(This is a continuation of: How to share this process with a friend of a group).
Here, I will describe Active Listening. When you first try it, you will likely feel a little awkward. This feeling is normal because it’s different from what you’re accustomed to. After you try it, you will probably appreciate the result. Here are a few pointers on how to do it.
In the following, I will describe the process as if there were only two of you, in which case you alternate being Talker and Listener. If there are more of you, it is easy to adapt. For instance, if there are 3 of you:
– First, A is the Talker, and B is the Listener. C witnesses in silence.
– Then B is the Talker, and C the Listener. A witnesses in silence.
– Finally, C is the Talker, and A the Listener. B witnesses in silence.
Taking turns
A defining feature of Active Listening is that the two of you take turns, one being the Talker while the other is the Listener. And then you switch.
In ordinary life, we tend to multitask. That is, we prepare our arguments while we are listening. This approach might work well enough in everyday conversations, but it is not enough when there is more emotional content.
It takes a deliberate plan to override the usual way we function. For instance, if you’re going to be talking for half an hour, you decide that one of you will be the Talker for the first 15 minutes, and the other will be the Talker for the next 15 minutes. An effortless way to avoid any feelings about who starts is to toss a coin.
Focus on understanding
Another defining feature of Active Listening is that the Listener focuses on trying to understand the Talker. Keep in mind that understanding somebody does not mean giving up your own opinion. As the Listener, you are just trying to understand the Talker’s point of view from their point of view. You don’t have to agree.
Summarizing
The third characteristic of Active Listening is that, as the Listener, you give the Talker a summary of what you’ve heard. You don’t wait until the full 15 or 20 minutes to do that. You do it every couple of minutes. Sometimes it could be just a minute or so. There’s a natural rhythm that the two of you develop over time.
Taking it in
The fourth characteristic is that the Talker pays attention to the summary and takes it in. The Talker either nods in approval, says yes, or amends it by adding something that the Listener did not pick up.
By the way, it’s OK if the Talker adds something to what you, the Listener, have said. Very often, this helps the Talker better understand what it is that was important to them.
So, either way: either the Talker keeps nodding to what you’re saying, or it’s an opportunity for them to find something else. In both cases, it’s fine. And you continue this way: talking, listening, summarizing, taking it in, until the end of the allotted time for the Talker. Then, you switch.
Pausing and making space
The fifth characteristic of Active Listening is that it involves pausing. This is not a rapid-fire, yackety yack, type of conversation. Both the Talker and the Listener are engaged in making space. It is what allows the new, the unformed, to come up.
As the Listener, you pause before giving your summary to the Talker. You don’t jump in with your summary as soon as the Talker pauses. You give them a chance because maybe they’re just waiting to say something more.
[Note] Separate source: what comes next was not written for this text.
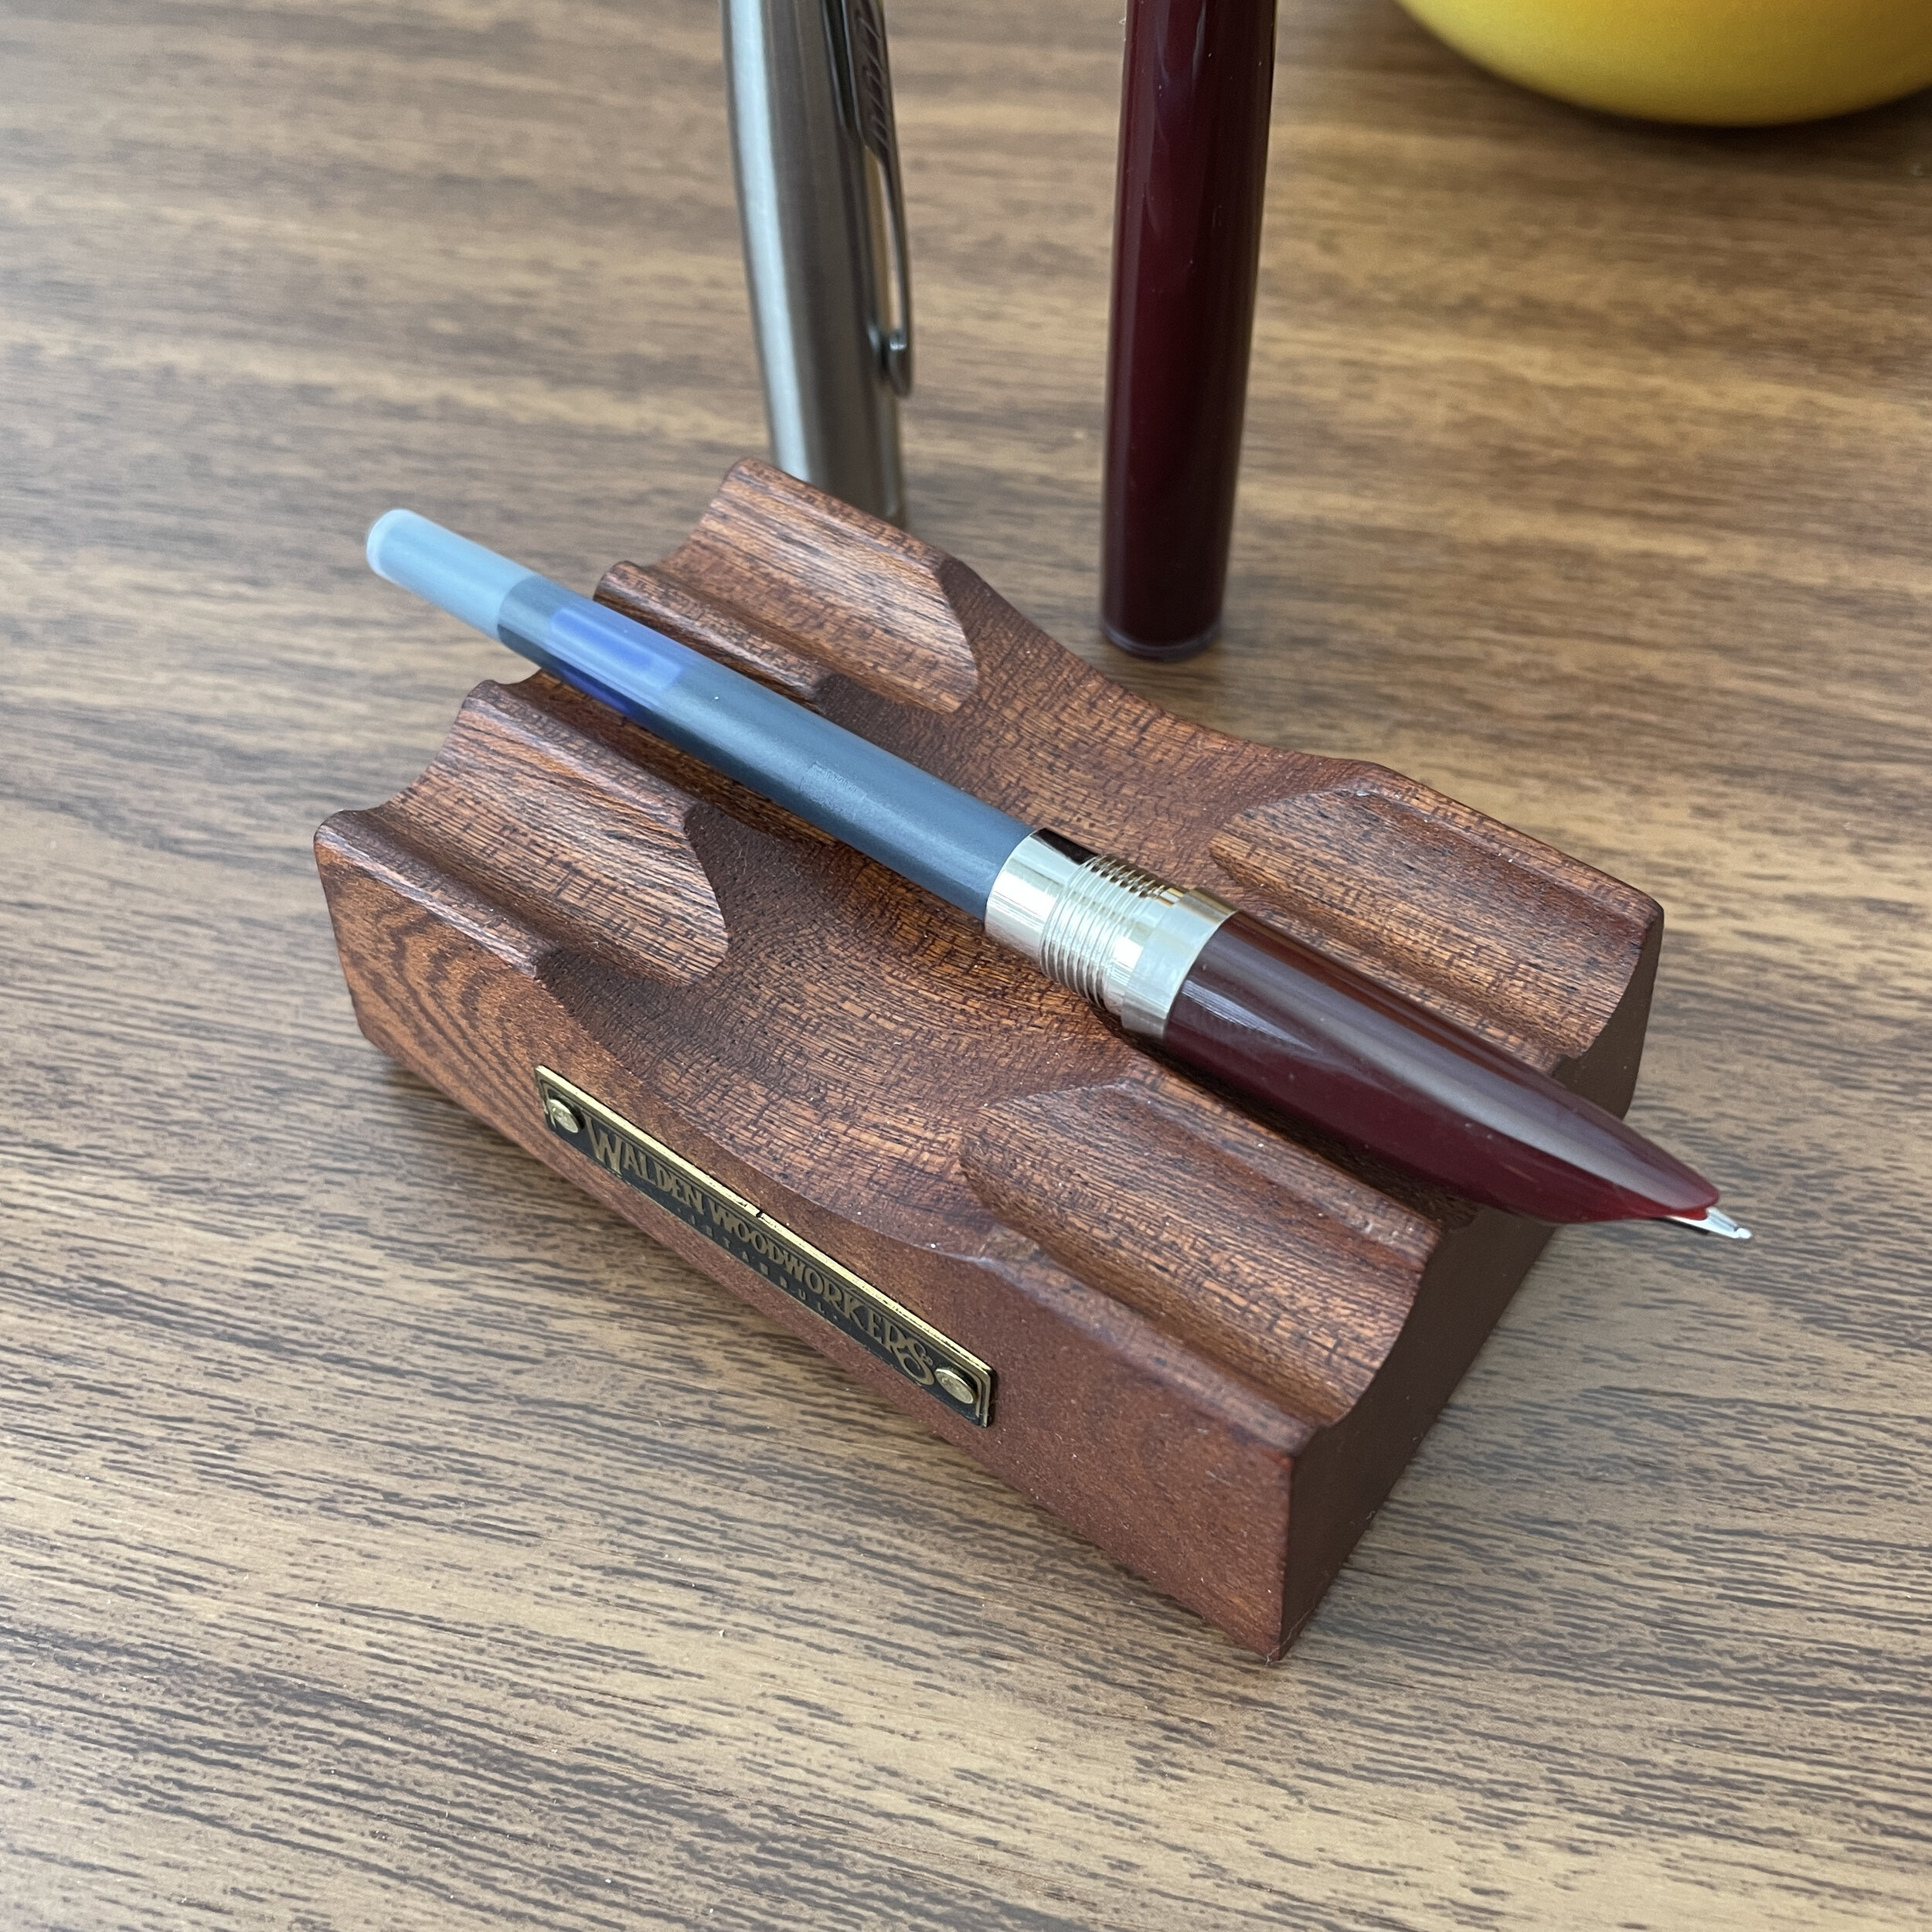 First Impressions: Hands On with the New Parker 51 Fountain Pen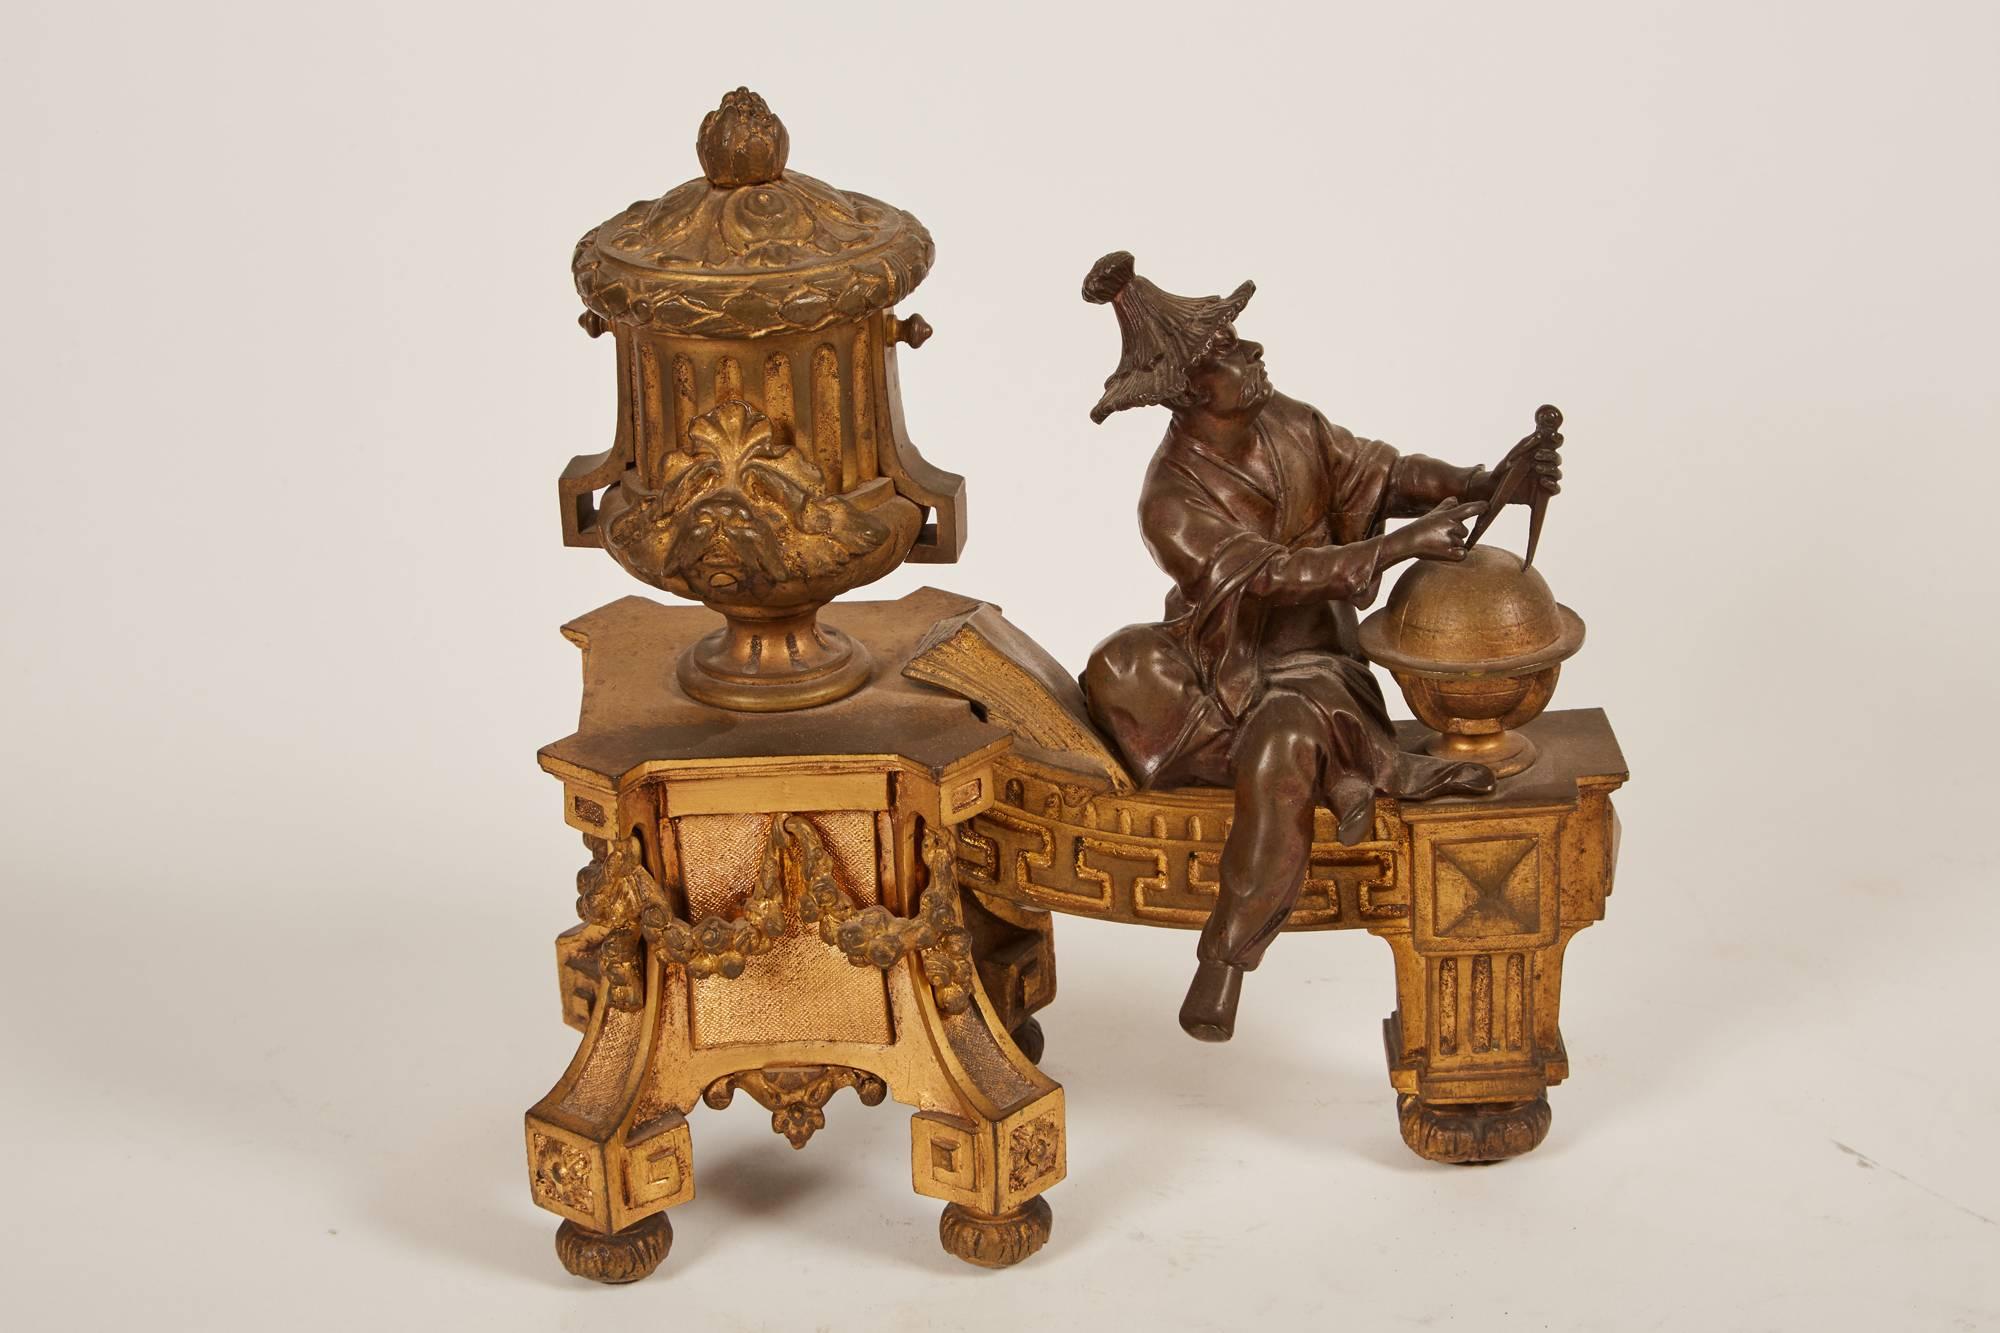 A pair of unique late 19th century, Chinese gilt bronze chenets, featuring two men portraying an astronomer and an astrologer with great ornamentation and swag detailing. In the transitional style, these two chenets have detailed fluting and other

As the Talker, don’t feel like you have to fill the air with words. It’s OK if you take time without words while you’re trying to sense what comes up next. Let yourself be curious about the felt sense of it. In other words, be prepared that much of what comes up may be murky. It’s not a problem. It’s actually a good thing. “Murky” is an invitation to explore further, as opposed to “case closed.”
What about advice?
One thing is missing from these instructions: how to give advice. For a simple reason: you neither give nor receive advice.
Remember that this is a peer group. You are together to help each other find space to hear yourself think.
As you read this, it probably seems obvious. However, sooner or later, as you get involved in the process, there will come a moment when you find it unbearable not to give advice. Why let this person suffer needlessly when you could so quickly tell them what to do? Not all the time, but just this once, when it would be so easy and so helpful!
When that time comes, and it will, please remember to take a deep breath and resist the urge. You are not failing the other person by refraining from giving advice. You are helping them be face to face with what they need to face.
You might be reading a degree of suffering on the other person’s face. At such a time, what I call “spaciousness” in this description of the process probably feels like terrifying emptiness to the person you are listening to.
I am not asking you to be heartless, just to express your compassion differently. Keep in mind that, by being present, you make it easier for the other person to confront this void than if they were on their own. You may want to express your support by making small sounds, showing that you are present.
You don’t have to do it right
A final point about Active Listening is that you don’t have to do it right. The format encourages thoughtful give-and-take as part of the process. Over time, the two of you will learn, by trial and error, better ways to do Active Listening.